Dividing polynomial $f(x)$ by $x-3$ and $x+6$ leaves respective remainders $7$ and $22$. What's the remainder upon dividing by $(x-3)(x+6)$? If I have a polynomial $f(x)$ and is divided by $(x- 3)$ and $(x + 6)$ the respective remainders are $7$ and $22$, what is the remainder when $f(x)$ is divided by $(x-3)(x + 6)$?
I tried it by doing:
$$f(x) =(x-3)(x+6)q(x) + ax+b $$
And, $a$ and $b$ comes out to be $-\dfrac53$ and $12$ respectively.
But I'm not sure how to solve any further.

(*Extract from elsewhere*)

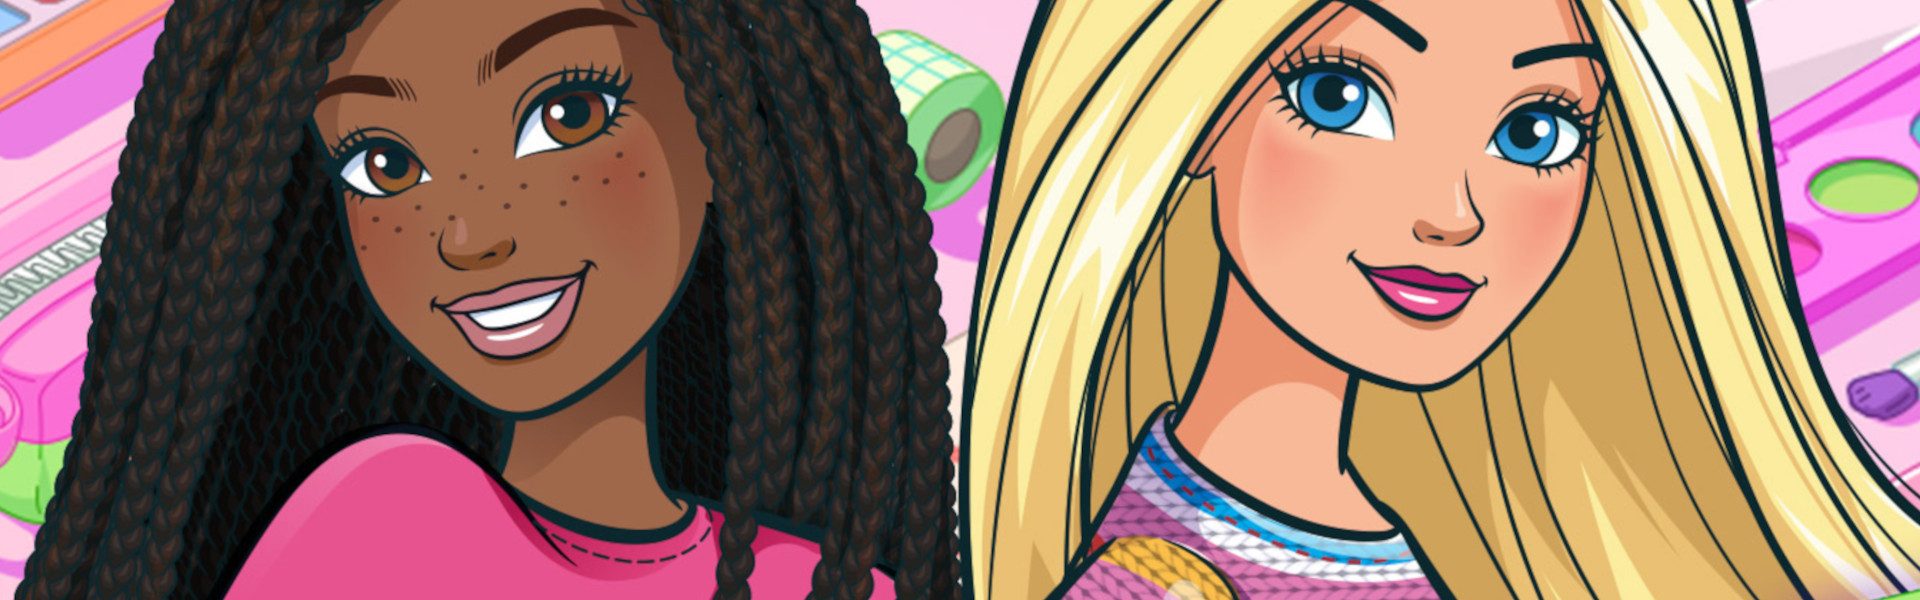 Data premiery Barbie Color Creations pozwala namalować własny Dreamhouse

And kindly explain exactly how it's done
 A: A slick way via $\ {ab\bmod ac = a(b\bmod c)} = $ mod Distributive Law, $ $ is to add $\ f(3) = 7\ $ to   
$\quad f(x)\!-\!f(3)\bmod  (x\!-\!3)(x\!+\!6)\, =\, (x\!-\!3)\Bigg[\dfrac{\overbrace{f(x)\!-\!f(3)}^{\Large\color{#c00}{ 22\ \ -\ \ 7}\ }}{\underbrace{x - 3}_{\large\color{#c00}{\Large  -6\ -\ 3\ }\ \ }}\underbrace{\bmod_{\phantom{1_{1_1{1_{1_{1_1}}}}}}\!\!\!\!\!\!\!\!\!\!\! x\!+\!6}_{\Large\Rightarrow\ \ x\ \equiv\  \color{#c00}{-6}\!}\Bigg]  =\, \color{#c00}{-\dfrac{5}3}(x\!-\!3)  $
A: $f(x)=(x-3)a(x)+7\Rightarrow f(3)=7$
$f(x)=(x+6)b(x)+22\Rightarrow f(-6)=22$
If you can write $f$ is of the form $f(x) =(x-3)(x+6)q(x) + ax+b$. 
Solution is so easy:
$$f(3)=3a+b=7$$
$$f(-6)=-6a+b=22$$
Hence,  $a=-\dfrac53$ and $b=12$
A: Let $$f(x)=Q1(x-3)+7$$ and $$f(x)=Q2(x+6)+22$$ (where Q1 and Q2 are some functions of x, since degree of f can be 2) 
So, if you substitute x=3 and x=-6 in above equations respectively, you get f(3)=7 and f(-6)=22 
Now, let $$f(x)=Q3(x-3)(x+6)+(ax+b)$$ where (ax+b) is remainder
(remainder may be a constant or a linear in x because of degree restriction over f(x))  
Substitute x=3 $$f(3)=0+(3a+b)  $$
Substitute x=-6 $$f(-6)=0+(-6a+b)$$
So, 3a+b=7 and -6a+b=22 
Solving, $$a= \frac{-5}{3}$$ and $$b=12  $$
Remainder is $$ \frac{-5x}{3}+12$$